> _TASK DETAILS_
An exact copy of all the data is needed, with every picture left out.

> _DATA PROVIDED_
:::

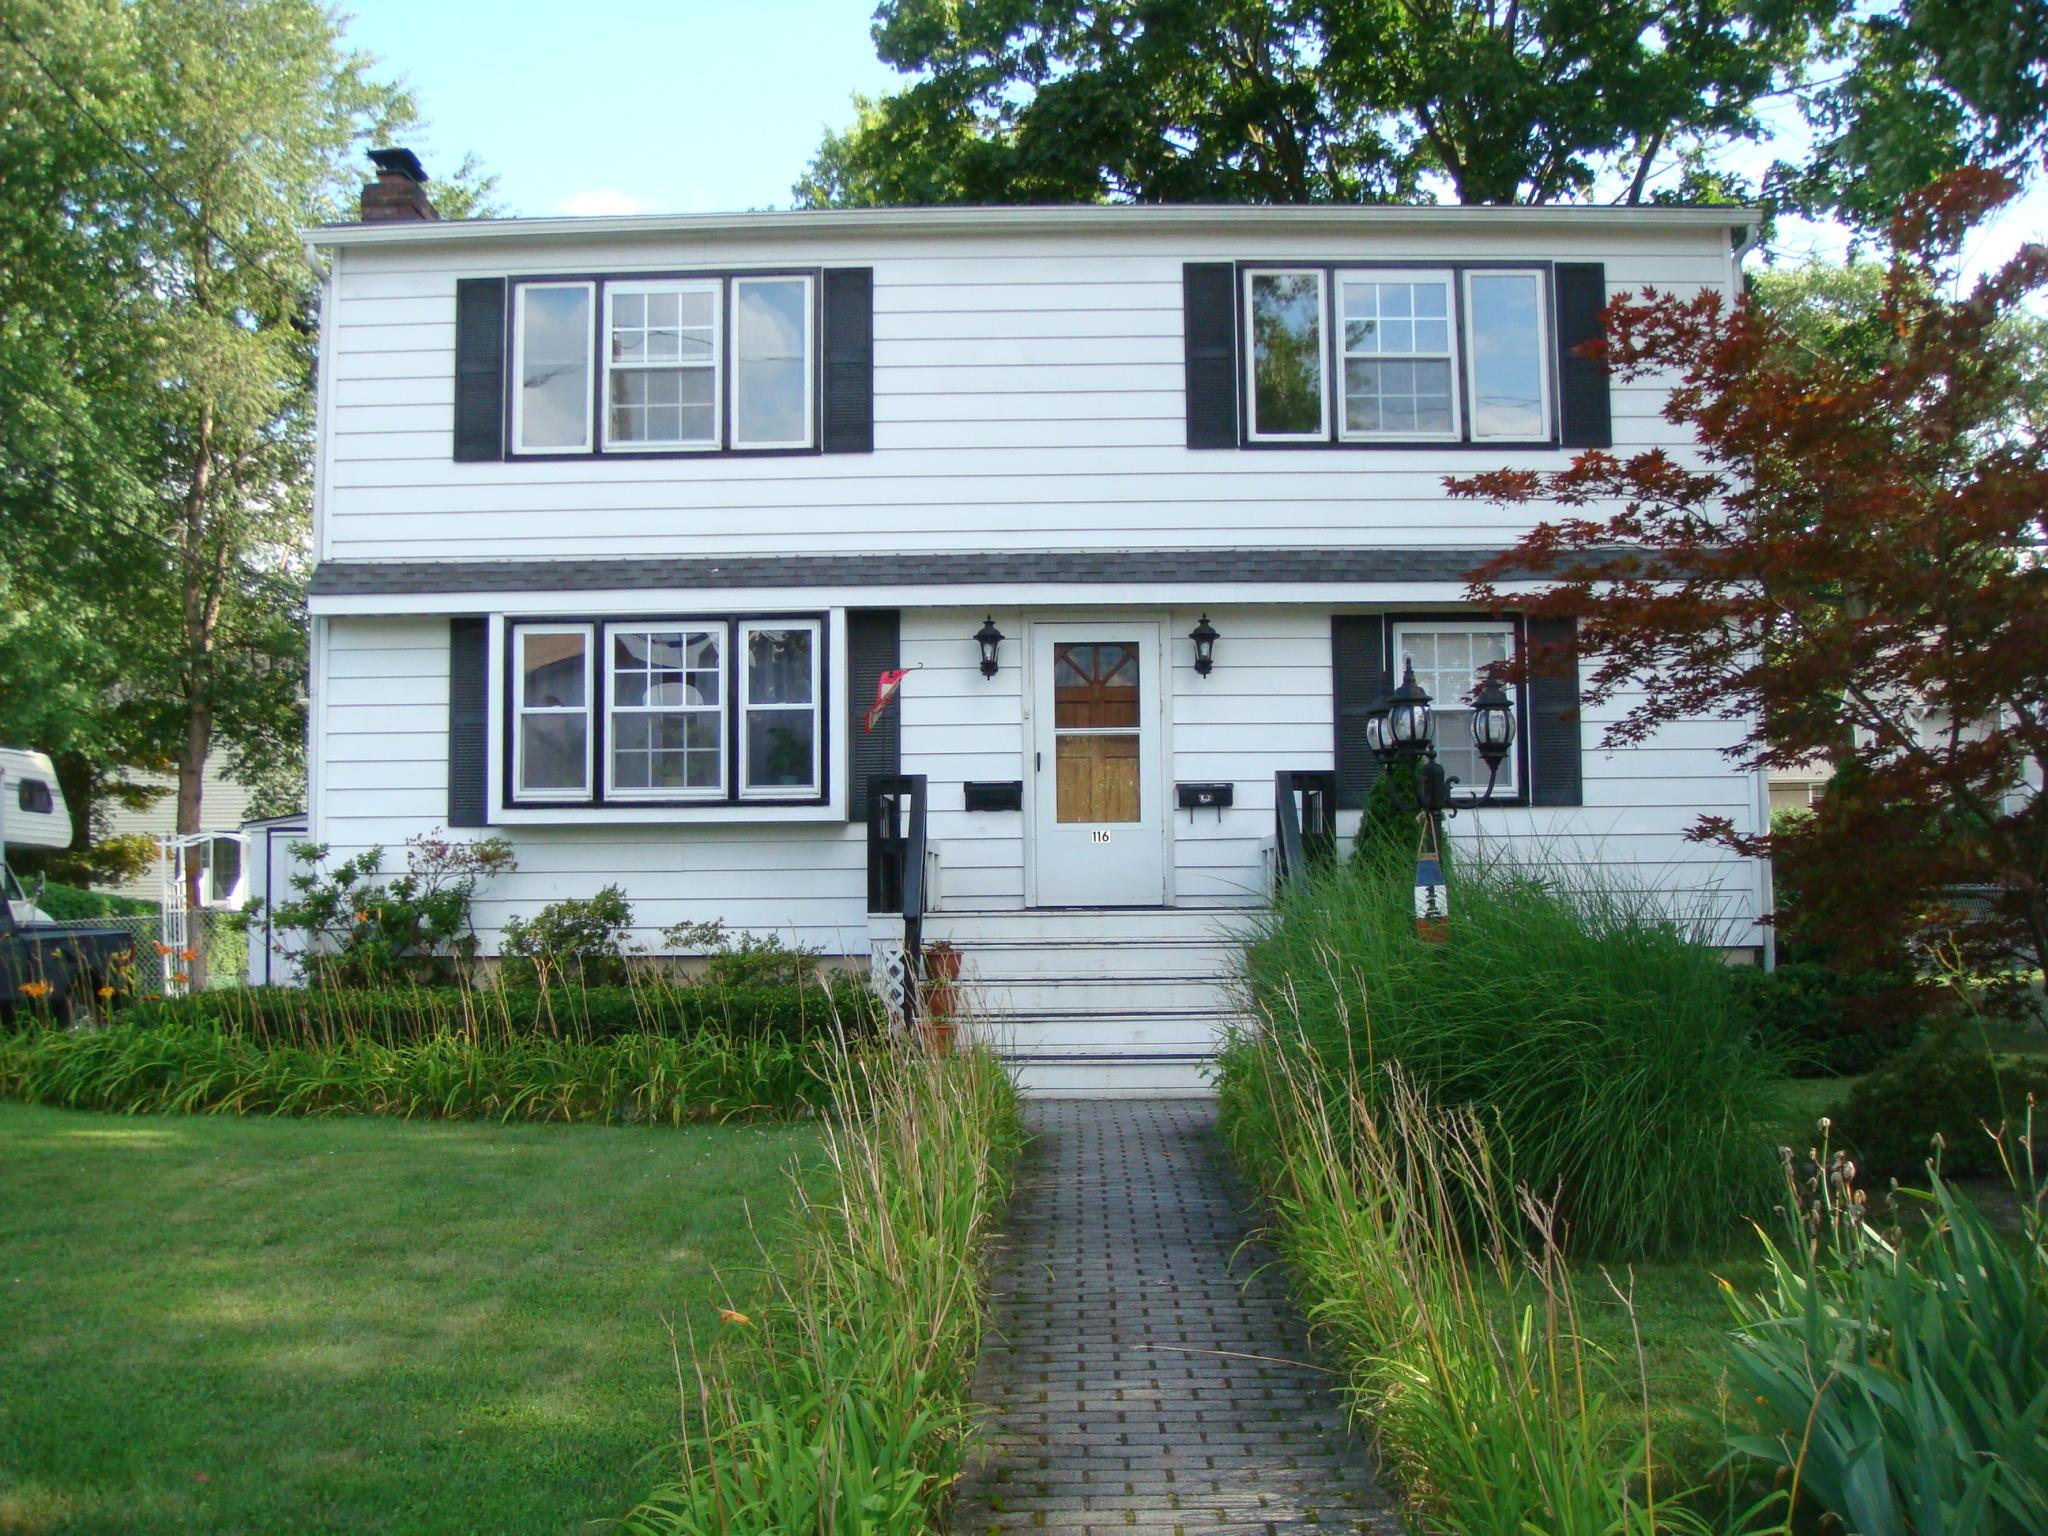 116 Hickory Ave For Rent - Tenafly, NJ | Trulia
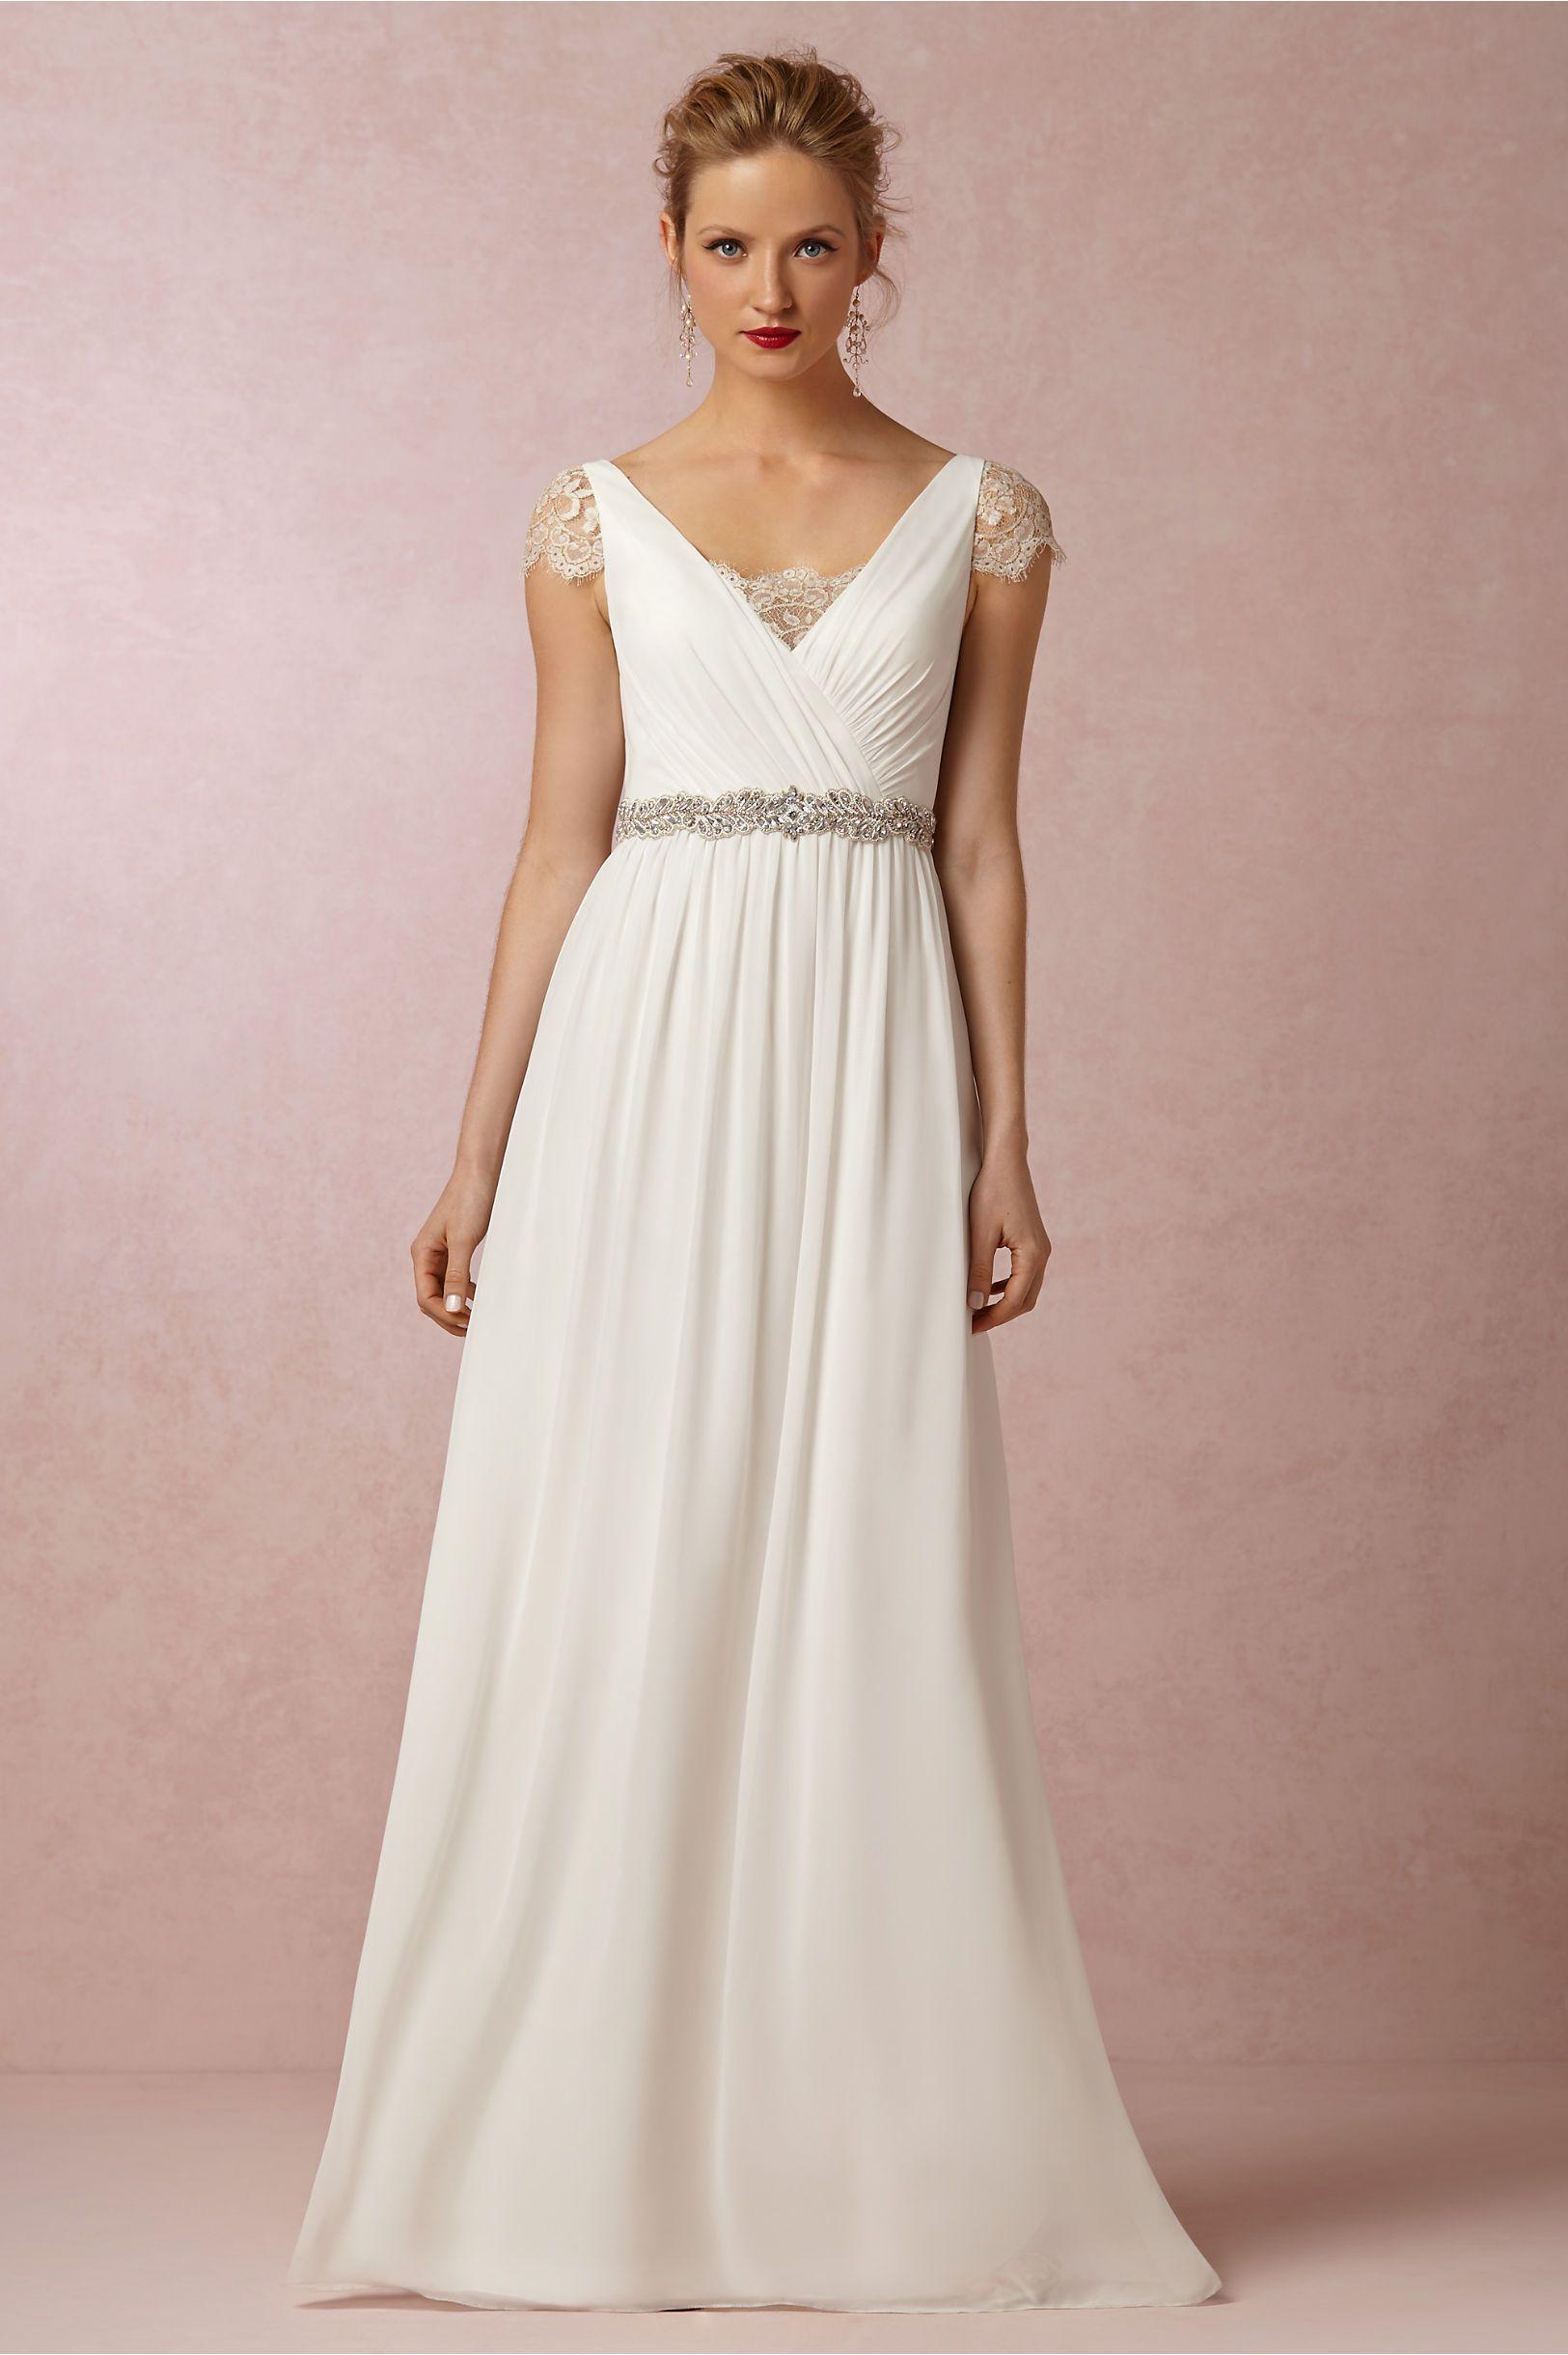 1500 wedding dress budget
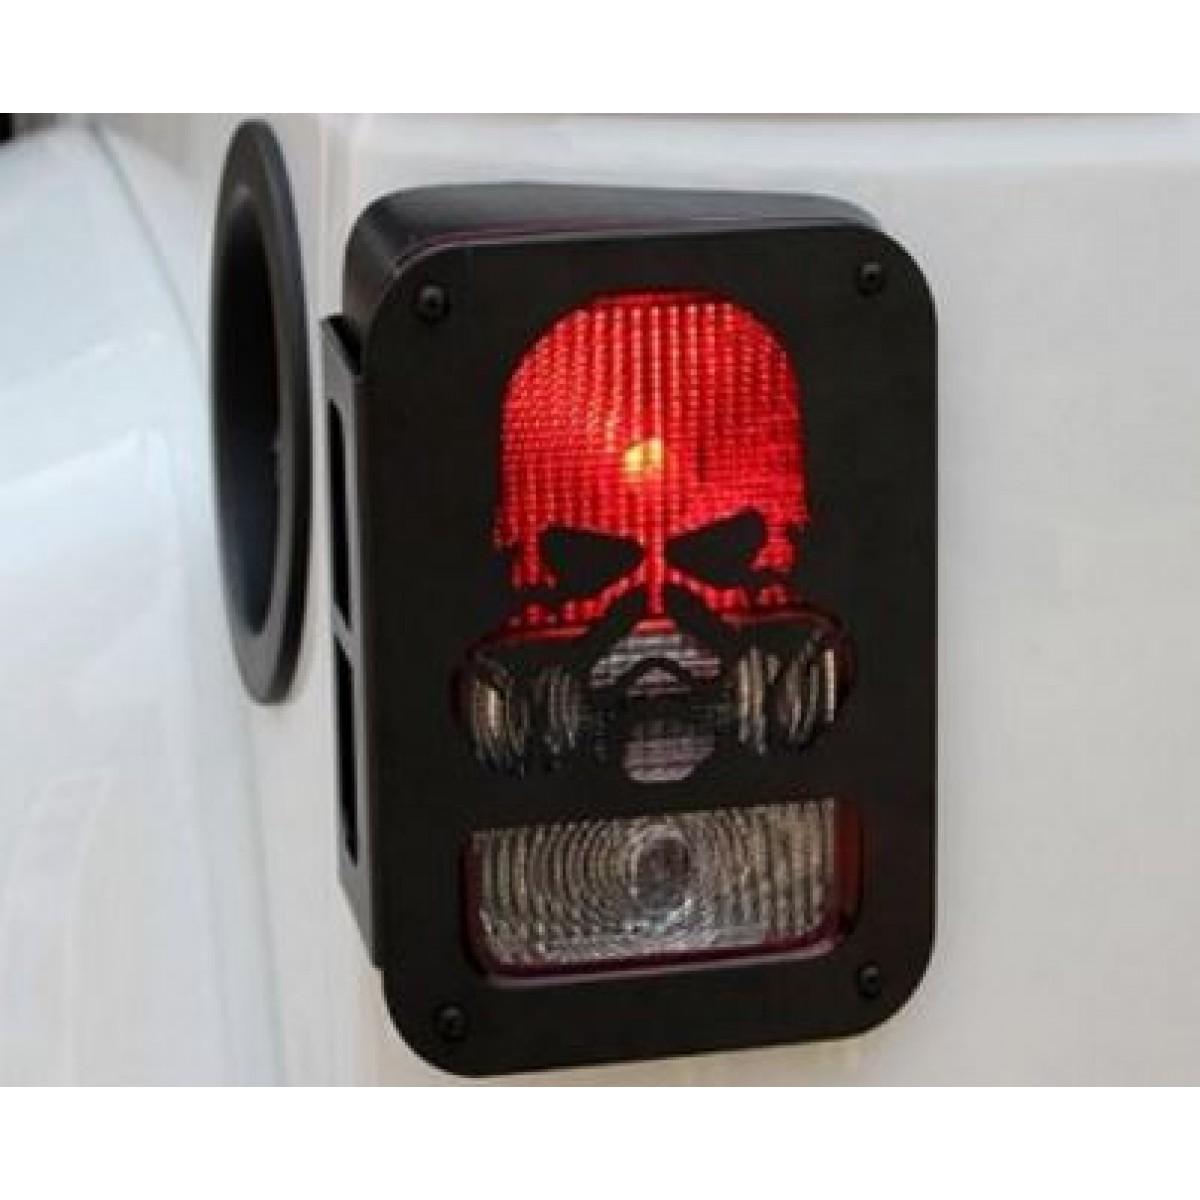 Skull Taillight Cover

:::

> _WRITTEN SOLUTION_
 116 Hickory Ave For Rent - Tenafly, NJ | Trulia
 1500 wedding dress budget
 Skull Taillight Cover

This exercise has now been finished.